Weeknote 18/2026
Well here we are. Laura's on sabbatical, John's looking for a job, and We Are (no longer) Open. It's been quite the week.
To be honest, it's been less outwardly emotional than I was expecting, but a couple of migraines as I headed into the weekend suggested that I've probably still got some inner work to do.
A workshop I attended on Friday run by Annalise Lewis entitled Myths We Live By: Metaphor as a Tool for Empowering Change came at just the right time. I knew I was in the a good space when one of the early slides featured a section of a John Martin engraving alongside the words “metaphors are the language of the subconscious.”
Annalise had us do an activity in which we closed our eyes (I know, I know) and she used Clean Language questions to help guide us through some metaphors. I have to work hard at these moments to suspend disbelief, and managed to do so successfully enough to come up with a really weird hybrid metaphor.
Understanding that this will be about as interesting to other people as telling someone about a dream from which you've just awoken, I will remind you that this is my blog and you are here voluntarily. So here we go...
First off, for some reason I pictured a Griffin, and then I thought “no, Doug, that's just lazy" – after which, for some reason, a scene from a David Attenborough documentary entered my mind really vividly. It was the one featuring marine iguanas:
And then I realised that they weren't iguanas that I was contemplating, but chameleons. At this point, I'm not even going to bother connecting the dots for you: if you can't see the relevance to my post-WAO professional life, then I give up.
Writing & Creating
Here, I published:


I didn't publish anything over at Thought Shrapnel.

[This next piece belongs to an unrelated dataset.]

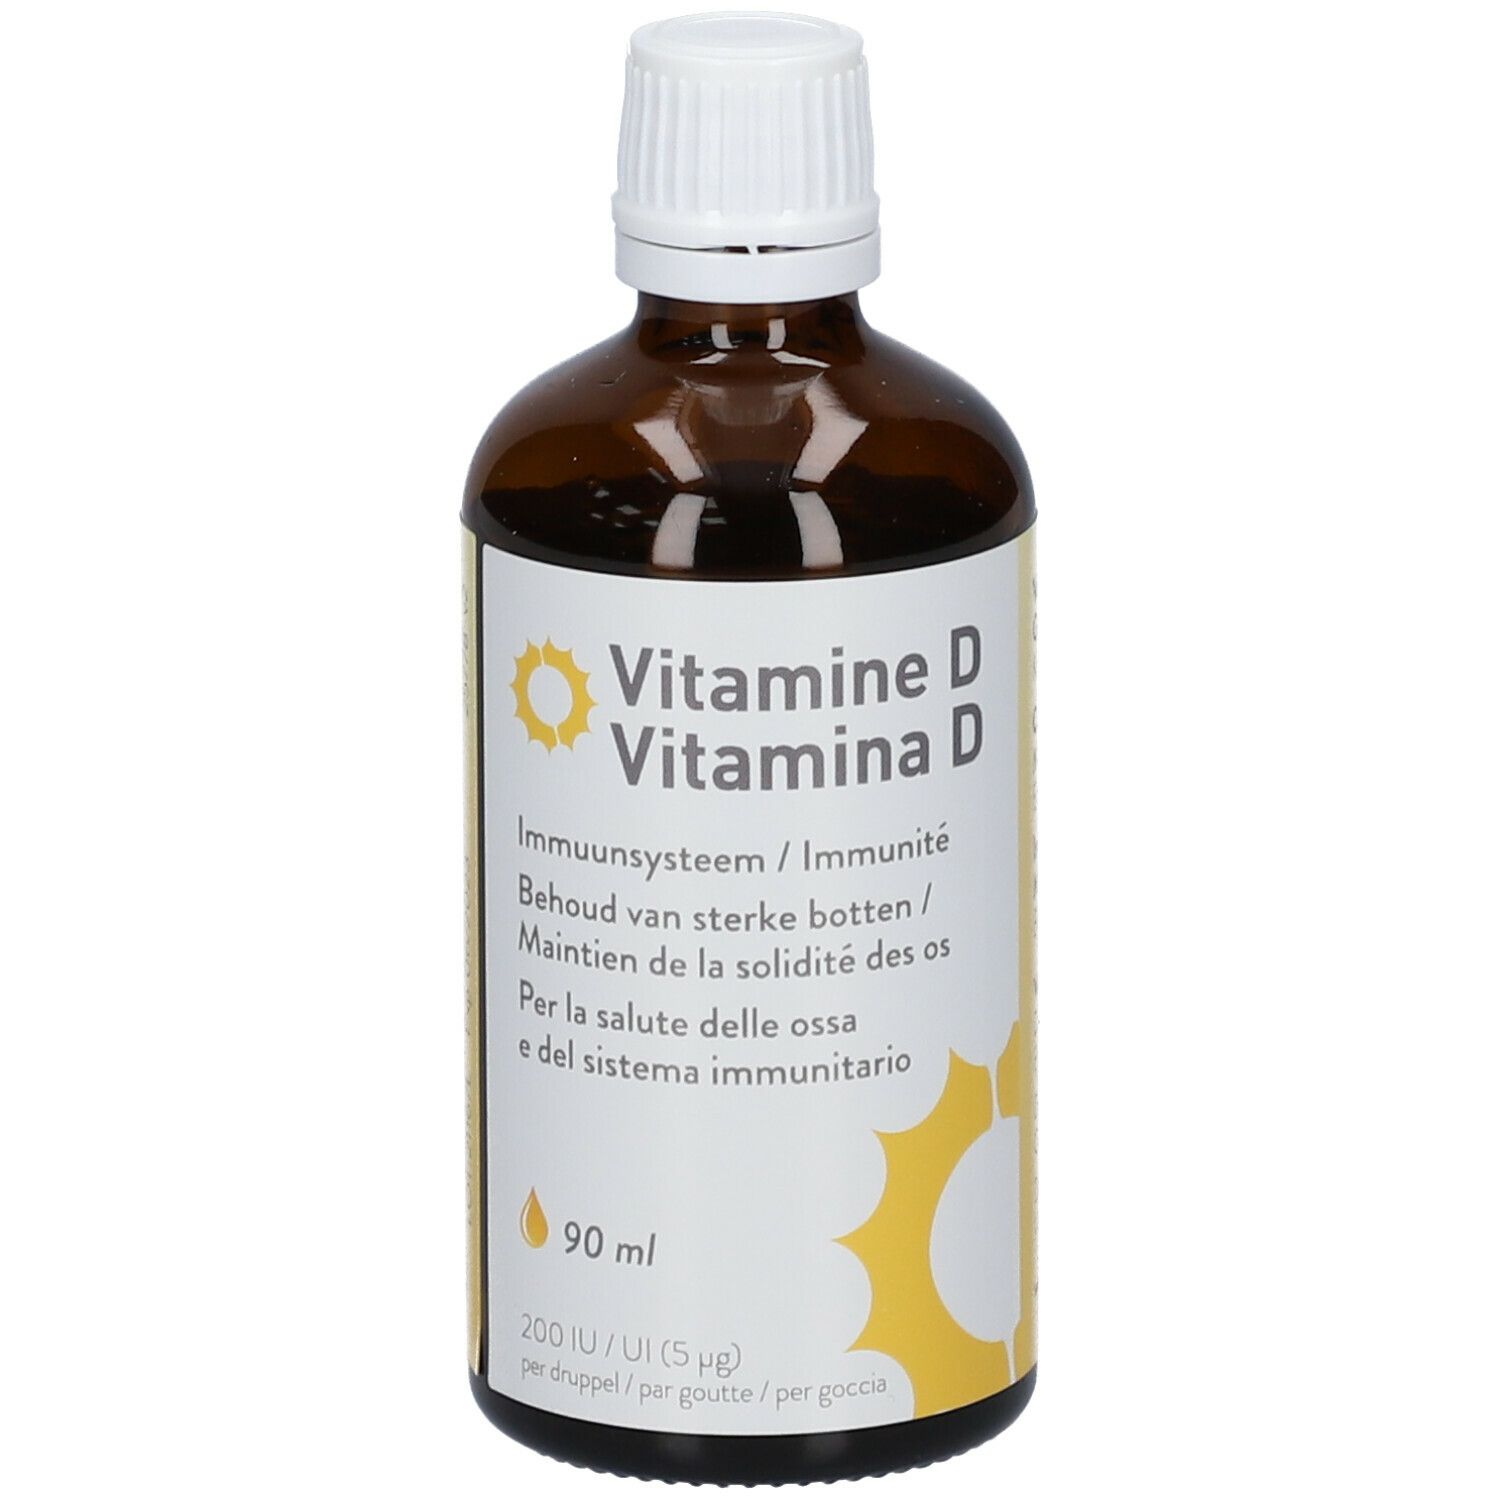 Vitamine D3 Liquid

Reading, Listening, and Watching
I finished There Is No Antimemetics Division by qntm, enjoying it slightly less the second time around. I'm currently weighing up what to read next.
As with last week, I didn't listen to any podcasts or watch anything other than football and a single episode of Taskmaster.
Working
It's a weird feeling to be working in the last week of an organisation you've decided to close. I've left organisations where I've been employed and I've shut down projects, but this was different. On the one hand there things to get done, on the other hand, it was all stuff we were choosing to do; we could have just not done it.
One of the potentially most difficult things to discuss when closing down a business is what happens to the money. I'm pleased to report that the consent-based process we used led to a satisfactory outcome. Along with logistics we'd already itemised, that's what Laura, John, and I focused on getting done on Monday during our last co-op day.
The rest of the week involved meeting with INASP about the technical report we'd sprinted towards for their Rising Scholars website project. They were delighted with our work, and it looks like I'll be doing a bit more with them via Dynamic Skillset.
It was a bit cheeky of me to ask Laura during the final week before her sabbatical to start work on the DCC project around Wallet Attached Storage. But, gracious as ever, she indulged me and created a couple of diagrams which will be extremely helpful.
Nate made more progress on Digital Badges Proof of Concept platform for Skills Development Scotland. However, we weren't quite where we needed to be to run the workshop this week, so I postponed it until next Friday. In the event, that turned out to be a good decision for a couple of reasons: (i) I wouldn't have been in the right frame of mind to run it on the last day of WAO, and (ii) it's meant that more people can come along next Friday than could have done this week.
Other than that, helping get the WAO archive page in order, and continuing iterating the 10 new systems thinking tools I'm building, I worked on a proposal related to Digital Public Goods sustainability with Alina Mierlus after Dees posted it to the MozAlums mailing list.
Personal
I've been feeling a lot better physically recently, despite not running as much or intensely meaning that I've put on a bit of weight. So, in addition to doing weights at the gym this week, I attempted a 5k at a normal-ish pace. Ruh-roh. Error. My smartwatch told me I needed 53 hours of recovery time afterwards and I was absolutely exhausted yesterday, and pretty tired today. It turns out that recovering from Stage 3 OTS takes quite a while...
We travelled the 1h 15m each way to Middlesbrough twice this week to watch games that my daughter, Grace, wasn't actually involved in. She's recovering from shin splints, and the physio advised her not to play. Her grassroots team, playing a year up against Academy opposition, had others out through injury – including their (excellent) goalkeeper – so ended up losing 5-0 and then 6-0.
My son, Ben, is considering changing courses from Sport to Geography at Northumbria University, and so went on a field trip with the Geography department this week. He's got exams the week after next, and then he's done for the year. It's been a weird one, due to getting on a course through clearing he hasn't particularly enjoyed and being ill a couple of times. Still, it's better to figure these things out and make decisions earlier in life.
Next week
It's Bank Holiday weekend, so I'm off on Monday. I don't particularly want to think about next week yet, to be perfectly honest, but it will involve working on the projects I mentioned earlier. I'm also still exploring options for running more powerful LLMs locally, after my order for a Mac Studio M2 Ultra at a bargain price ended up being cancelled due to “overwhelming interest.”